We reject these contentions.

It is patently apparent that the PCR petition was time-barred. Although defendant argues that this appeal should not have been dismissed as time-barred, he makes no showing that the five-year time limitation set by Rule 3:22-12(a) should not apply. In short, nothing in the PCR petition sets forth sufficient facts to find "excusable neglect." Moreover, the sentence was challenged on appeal. Therefore, it is also barred on grounds that it was expressly adjudicated. R. 3:22-5. We also find no basis to conclude that trial counsel was ineffective. See Strickland v. Washington, 466 U.S. 668, 687, 104 S.Ct. 2052, 2064, 80 L.Ed. 2d 674, 693 (1984) and State v. Fritz, 105 N.J. 42, 58 (1987).

Finally, defendant makes a disparate sentence argument based not on a co-defendant's sentence, but on "an analogous conviction in an adjacent jurisdiction." He asserts that his situation is similar to that of inmate James Dunsavage. There is no authority for making such an application. We agree with Judge DeStefano's analysis:

Generally, the defendant held for comparison is a co-defendant from the same case. See i.e. State v. Lee, 235 N.J. Super. 410, 413 (App. Div. 1989).

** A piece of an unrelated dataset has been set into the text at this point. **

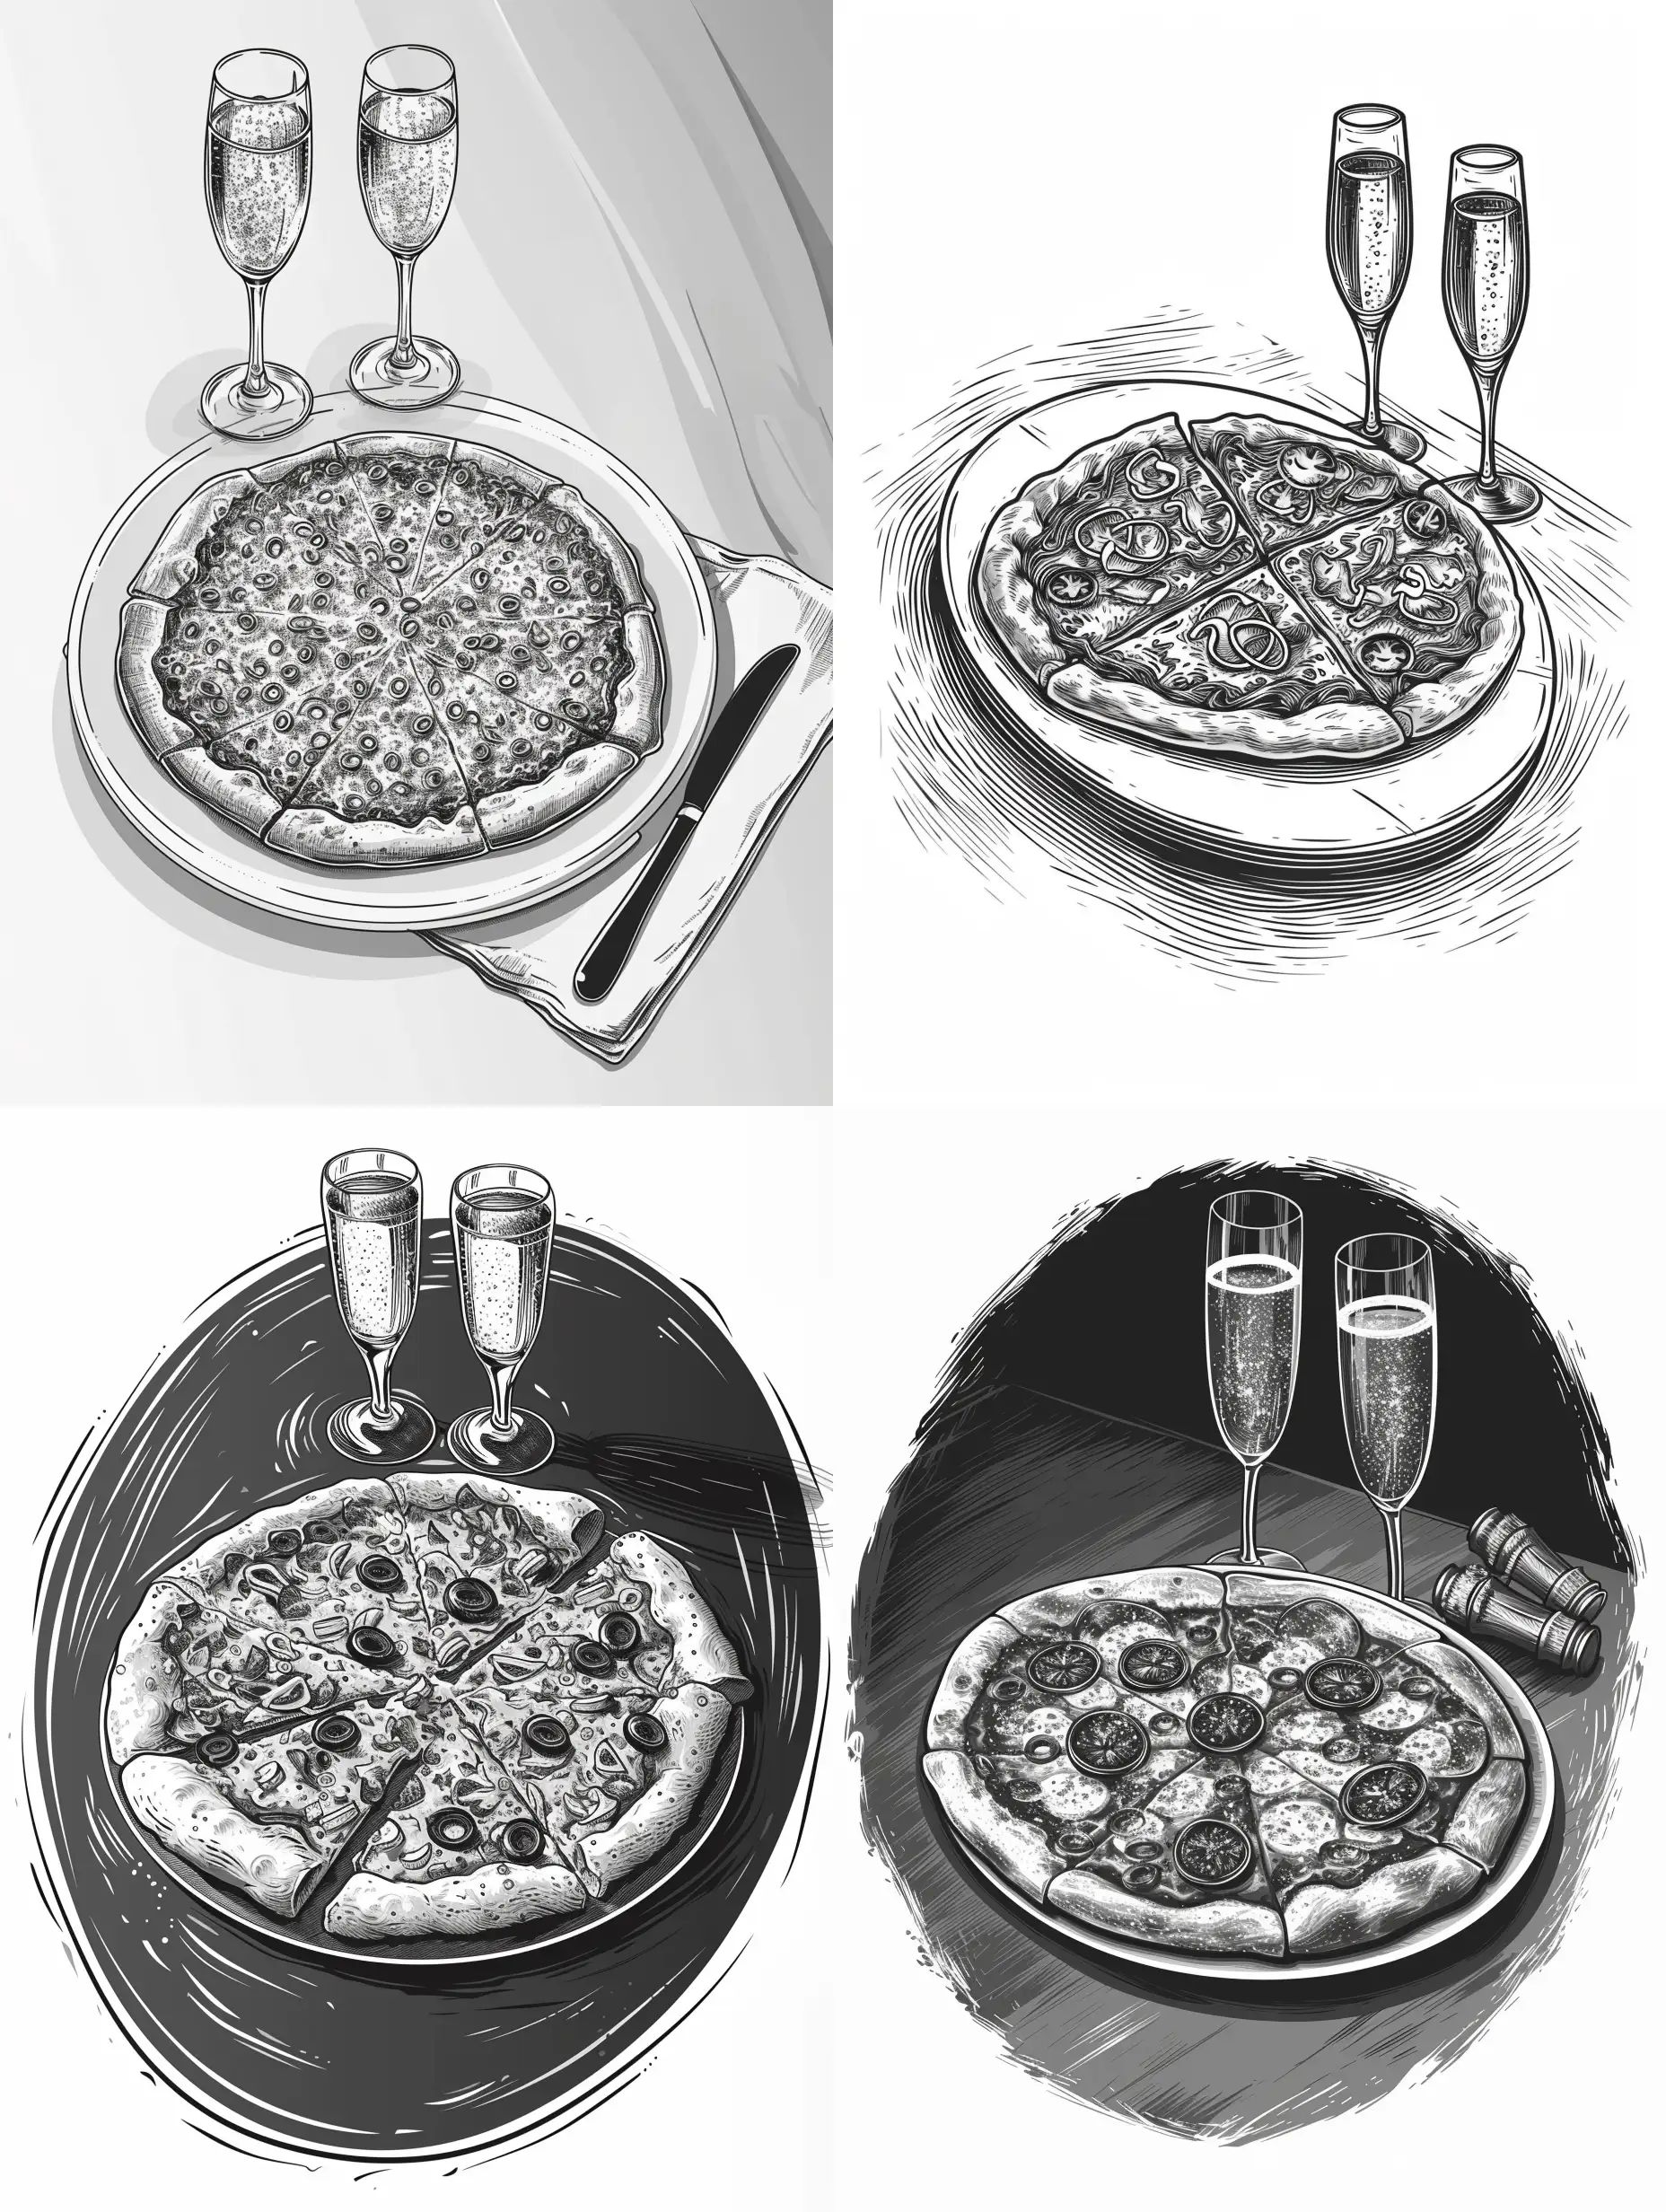 иллюстрация овальная целая пицца на столе и два бокала шампанского рядом в стиле минимализм, вектор, чёрно-белая

This court finds that the defendant's situation is so dissimilar to James Dunsavage that there is no adequate basis to conclude an injustice would occur unless further review was conducted. While the court has not been presented with the entire record of James Dunsavage, the differences are plain to see. The defendant and Dunsavage were not co-defendants. The charges were not identical as the defendant pled guilty to one count of armed robbery while Dunsavage pled to counts of robbery. There is no evidence presented that their prior criminal records were similar. When examining differences in sentencing, it is important to also consider "the explanation of the balancing of aggravating and mitigating factors with regard to imposition of sentences." State v. Pillot, 115 N.J. 558, 566 (1989). The Honorable Phillip L. Paley, J.S.C. found that Dunsavage was unlikely to commit similar crimes in the future and considered that as a mitigating factor at time of sentencing. This court found the defendant was "a clear danger to the community" and "an obvious risk [to] commit another offense." See Transcript of Sentencing at 8 (April 7, 2000). It was further found that "he must be taken out of the community for as long as possible." Id. at 10. Judge Paley next found as a mitigating factor that Dunsavage would likely respond to probationary treatment. The defendant in this case had already been given a second chance at reform through the Pretrial Intervention Program based on a prior theft conviction. The defendant did not take that opportunity and proceeded to commit a wave of serious crimes which included, in one case, attacking and causing physical injury to a victim with a baseball bat. In total, three mitigating factors were found for James Dunsavage. No mitigating factors were found for the defendant. Upon review of the limited record in front of this court, it is clear the defendant's history is not in any way similar to that of James Dunsavage. It shall be further noted that the Appellate Division has already found that defendant's sentence is not excessive or unduly punitive, and did not constitute an abuse of discretion. State v. Jennings, Docket No. A-6472-99T4 (2001).

Affirmed for the reasons expressed by Judge DeStefano in his December 14, 2007 opinion.